Sensor-, wapen- en communicatiesystemen (Sewaco): Evenals Hr.Ms. Rotterdam zal LPD-2 beschikken over systemen voor navigatie en voor amfibische en helikopteroperaties, waarbij tevens kan worden voorzien in een omgevingsbeeld. Naast het Link 11-systeem, waarmee een algemeen omgevingsbeeld van maritieme eenheden wordt weergegeven, worden ook voorzieningen voor Link 16 aangebracht. Link 16, ten behoeve van de aansturing van luchtoperaties, zal slechts incidenteel aan boord benodigd zijn. De voorzieningen maken het mogelijk deze capaciteit op korte termijn te installeren. Ook houdt het ontwerp rekening met Link 22 voor wat betreft ruimte, koeling en energie. Dit systeem, als opvolger van Link 11, is voorlopig echter nog niet beschikbaar.

Omdat het schip in beginsel door een taakgroep wordt beschermd, kan worden volstaan met een zelfverdedigingscapaciteit. Daartoe wordt het schip voorzien van twee gekoppelde Goalkeepersystemen en een aantal posities voor mitrailleurs. Daarnaast wordt ruimte vrijgehouden voor chaff als softkill wapen, een nieuw torpedodefensiesysteem, een infrarood scanner en de mogelijkheid voor een degaussing-systeem, waarmee het magnetisch veld onder water kan worden gereduceerd.

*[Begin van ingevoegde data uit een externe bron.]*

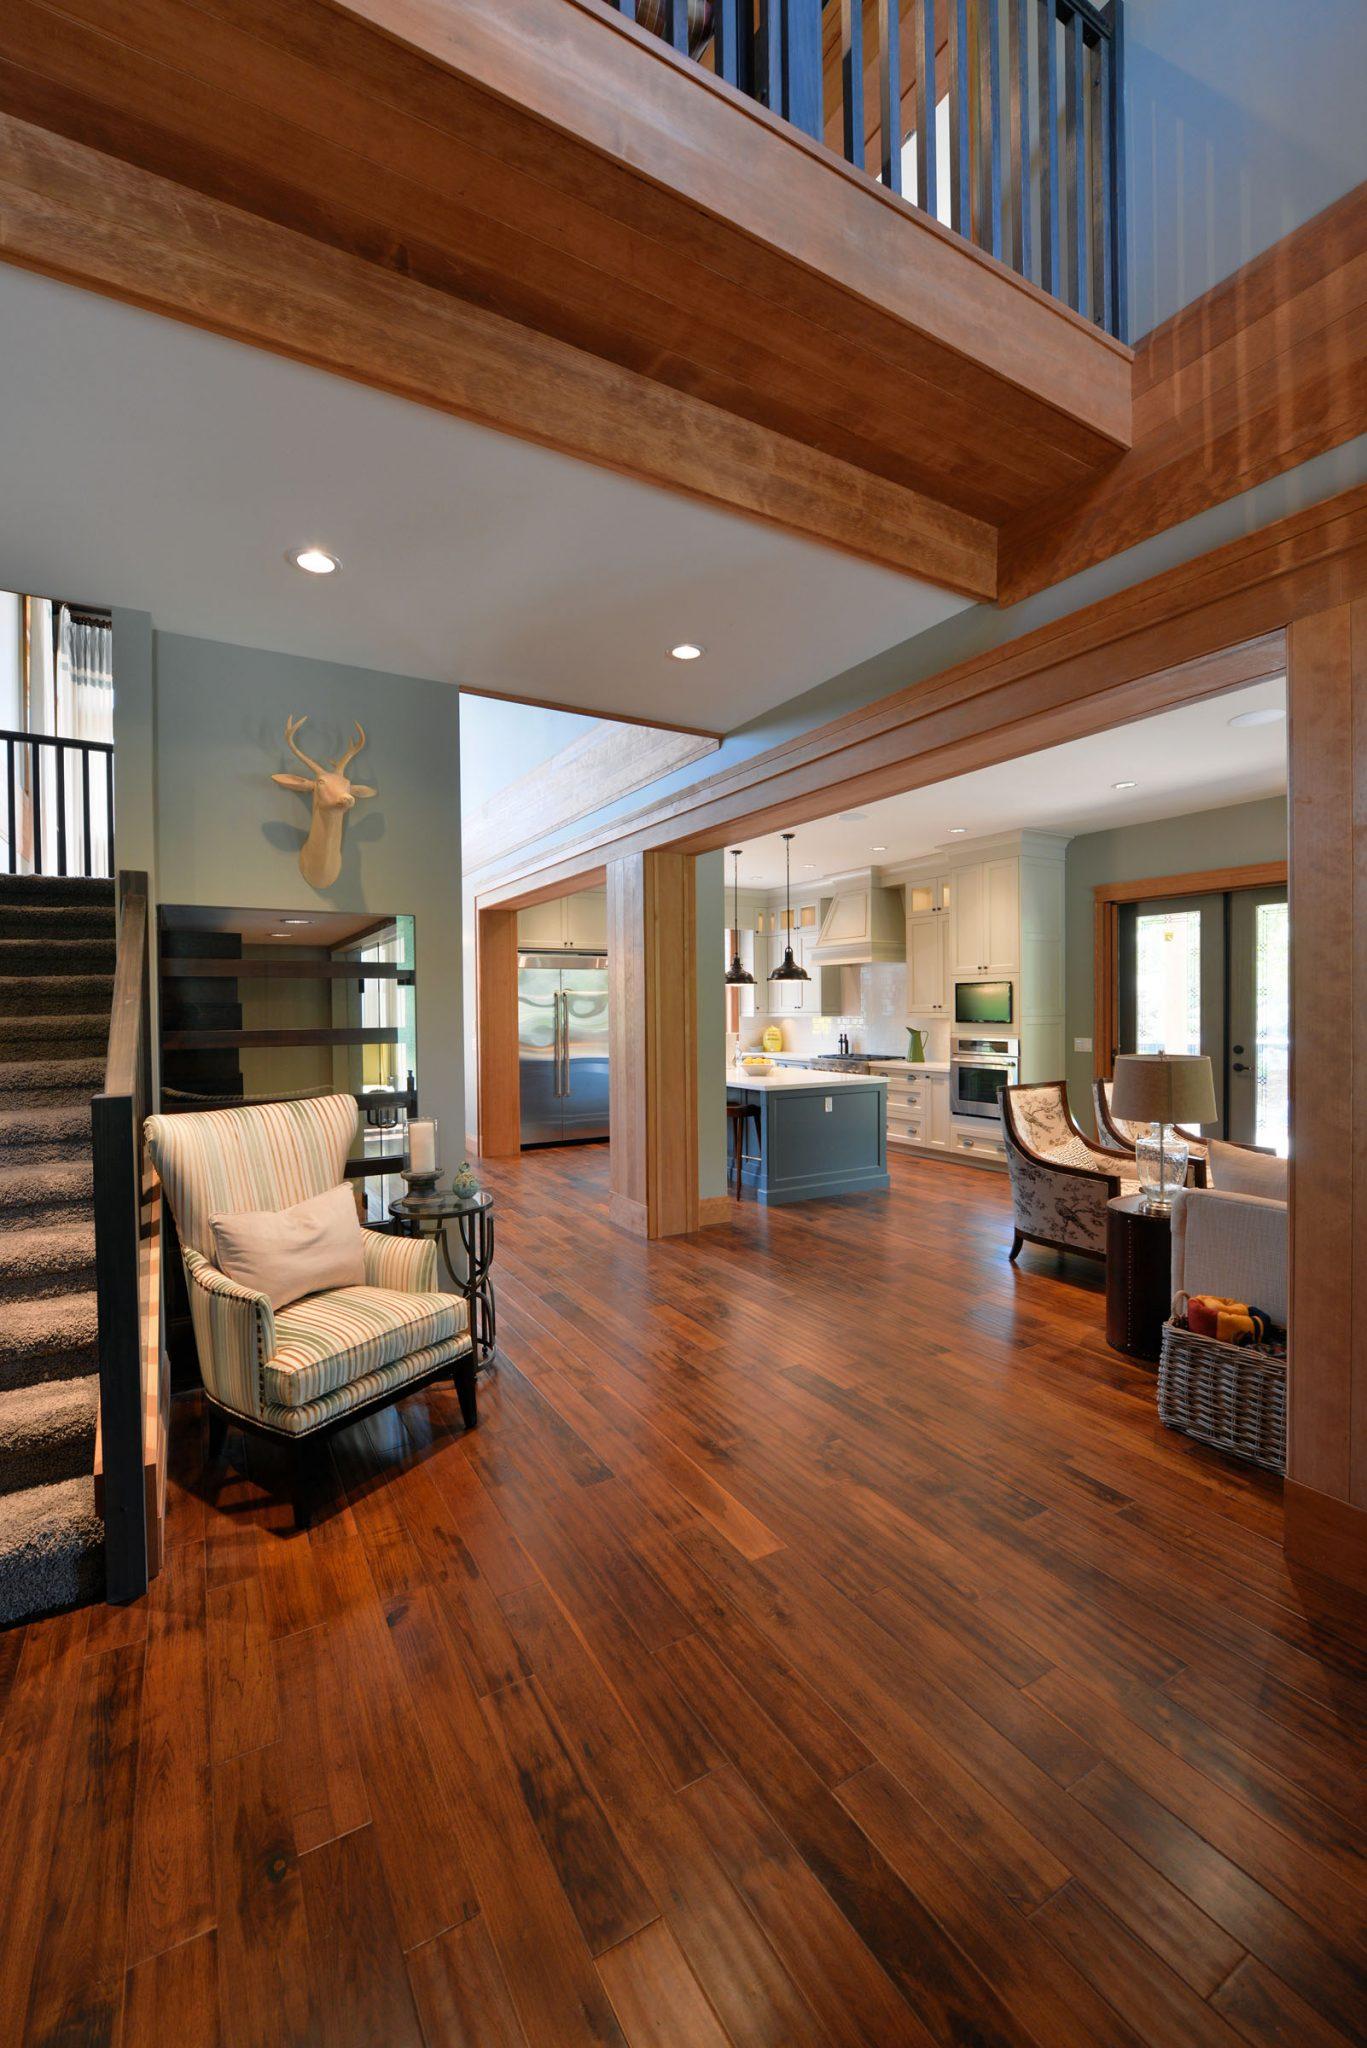 The Eco Floor Store Flooring Home Renovation

Commandofaciliteiten: Op het gebied van de commandovoering, de inzet als zeegaand hoofdkwartier, zal het schip duidelijk afwijken van Hr.Ms. Rotterdam. De belangrijkste verschillen zijn:

- In de bovenbouw zal een dek worden ingericht als werkruimte voor een (inter)nationale staf van ten minste 400 personen voor het leiden van een operatie tot op divisieniveau. Deze (inter) nationale staf krijgt de beschikking over eigen centrales en ruimten voor conferenties, briefings en ondersteuning. Waar mogelijk worden deze ruimten geïntegreerd met de ruimten voor de vaste bemanning.

- Op het gebied van Command, Control, Communications, Computers and Information (C4I) worden ten behoeve van de (inter) nationale staf uitgebreide communicatie- en informatiemiddelen geplaatst. Het schip wordt onder meer voorzien van satellietcommunicatieapparatuur en, in vergelijking met Hr.Ms. Rotterdam, van extra zenders/ontvangers met verschillend frequentiebereik. Voor de interne communicatie wordt het schip uitgerust met een netwerkinfrastructuur met universele koppelvlakken, waaraan een (inter)nationale commandostaf naar behoefte, volgens het plug and fight principe, eigen hard- en software kan koppelen. Tevens worden automatiserings- en presentatiesystemen geïnstalleerd. Met de permanent aanwezige middelen kan een amfibische commandostaf, zoals de Commander Combined Landing Taskforce (CCLF) en de Commander Combined Amphibious Taskforce (CCATF), een amfibische operatie leiden. De apparatuur kan worden uitgebreid om de staf de mogelijkheid te bieden een (joint) operatie tot op divisieniveau te leiden.

Personeel De vaste bemanning telt 146 personen. Voor de hoofdkwartierfunctie zal accommodatie worden geboden aan ten minste 400 stafleden. In de amfibische rol zal het schip, naast de vaste bemanning, 555 personen kunnen accommoderen. Deze aantallen zijn inclusief de ondersteunende elementen zoals een helikopterdetachement voor tenminste één helikopter. De flexibele accommodatie wordt verwezenlijkt door gebruik te maken van hutten en slaapverblijven waarvan de capaciteit, afhankelijk van de gekozen taak, kan worden gewijzigd.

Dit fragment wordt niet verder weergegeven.